• _Data below_
_ _ _

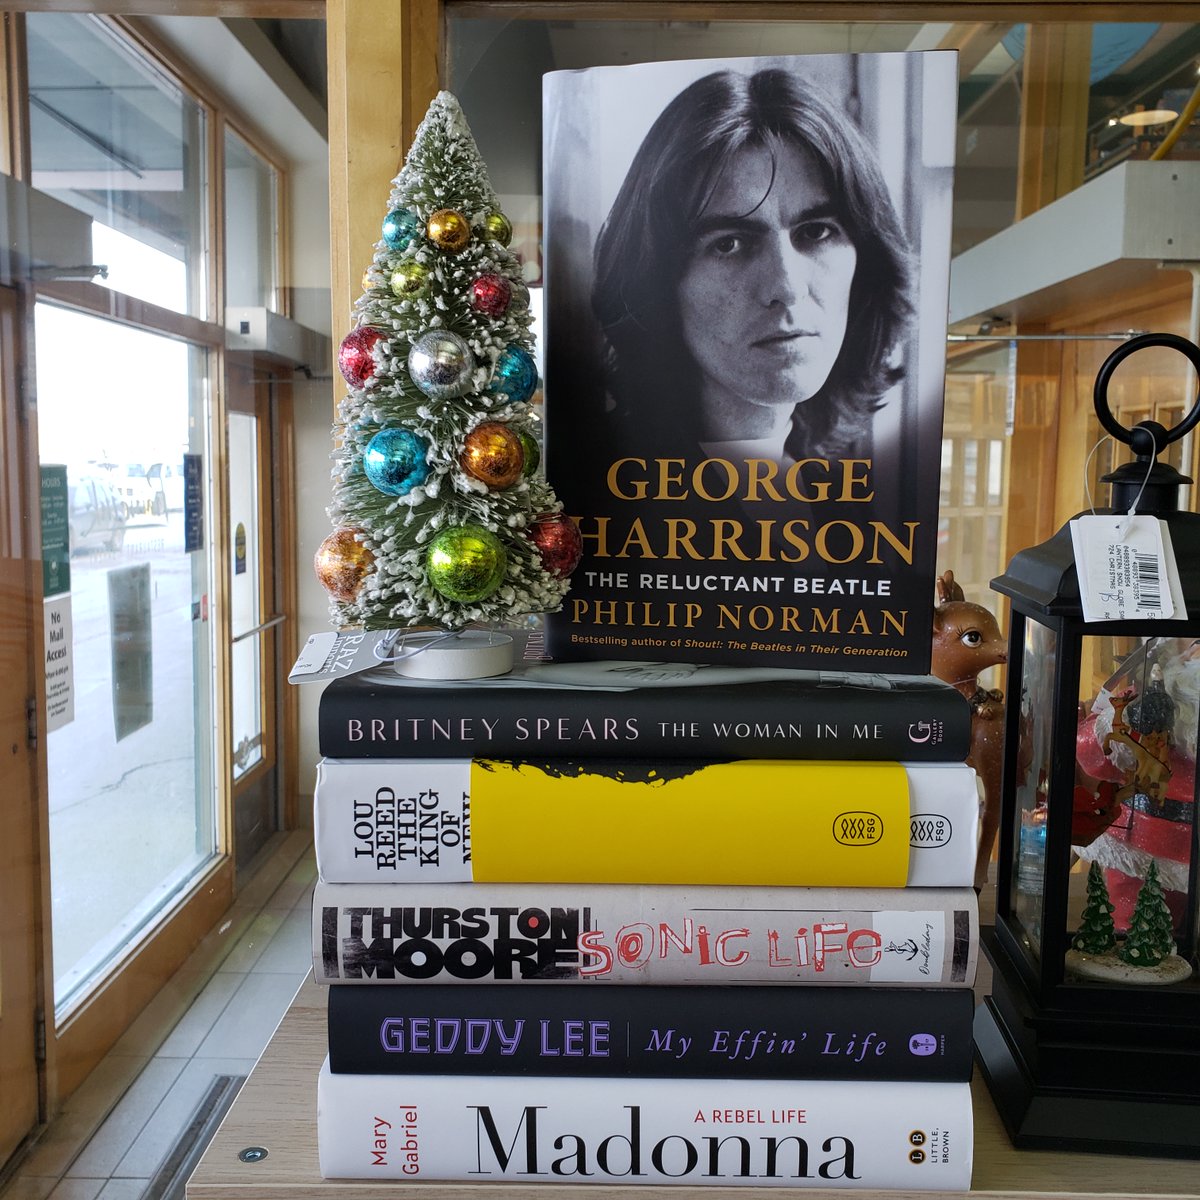 Are you a music nerd? Or have you got one on your holiday gift list? Then we've got the latest greatest music biographies to entertain and inform. From rock masters like George Harrison to Lou Reed, and pop icons like Madonna and Britney. Something for everybody!
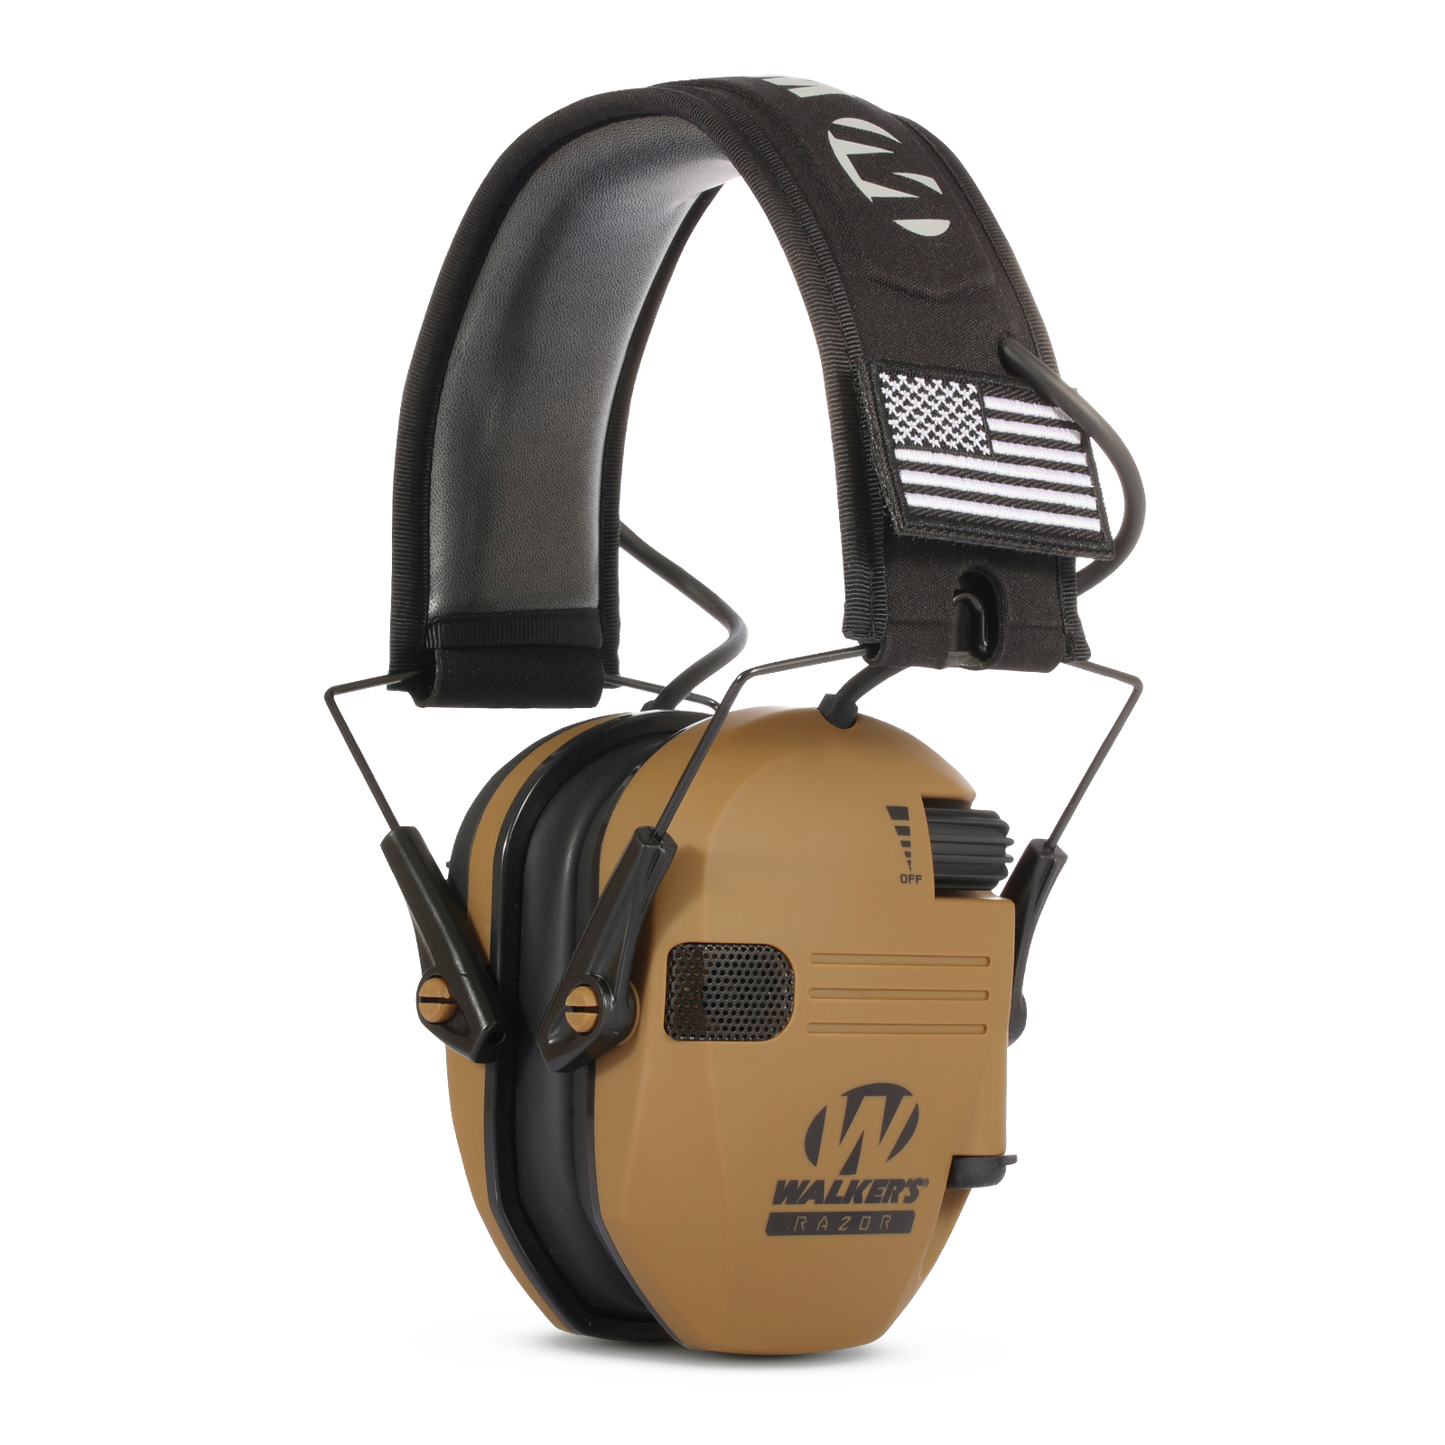 Noise Reduction Shooting Ear Protection Safety Earmuffs
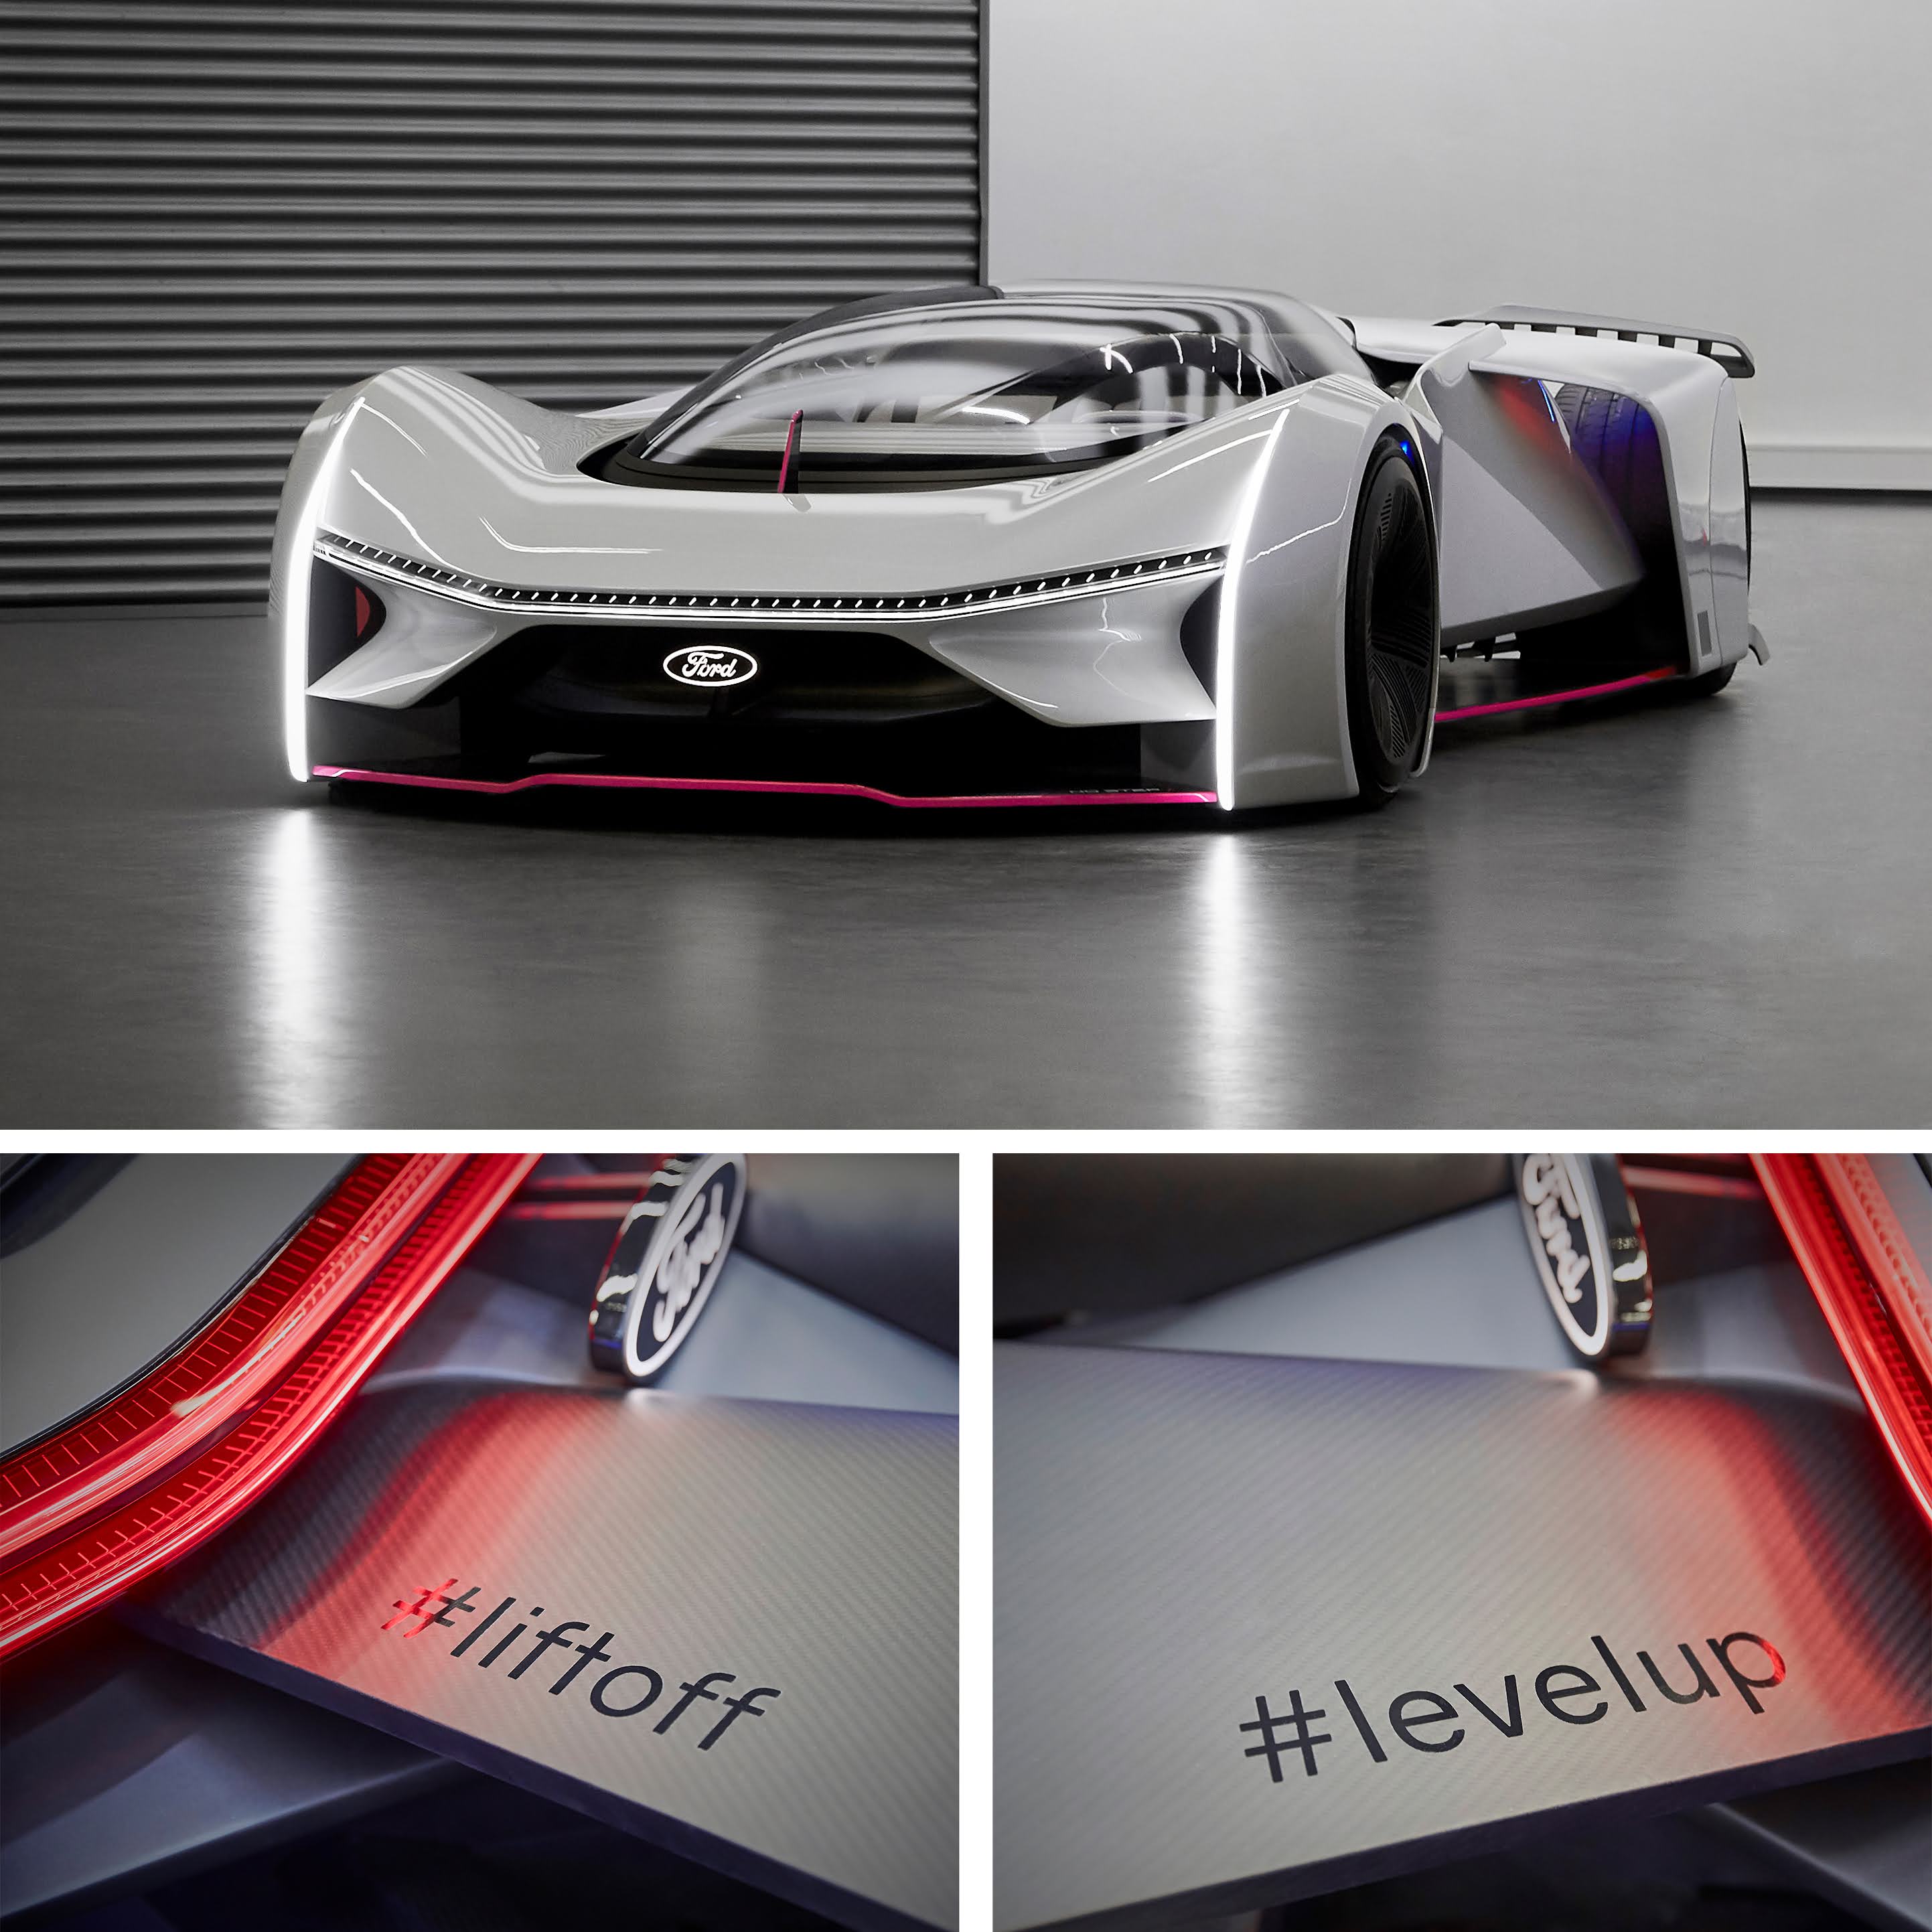 Team Fordzilla P1 Virtual Race Car Launches Into The Real World

_ _ _

• _Instructions for the task_
Could you give again precisely the lines from the one containing "Noise Reduction Shooting" through the final line of the material above, both included, and no others, dropping the pictures?

• _Exercise answer_
 Noise Reduction Shooting Ear Protection Safety Earmuffs
 Team Fordzilla P1 Virtual Race Car Launches Into The Real World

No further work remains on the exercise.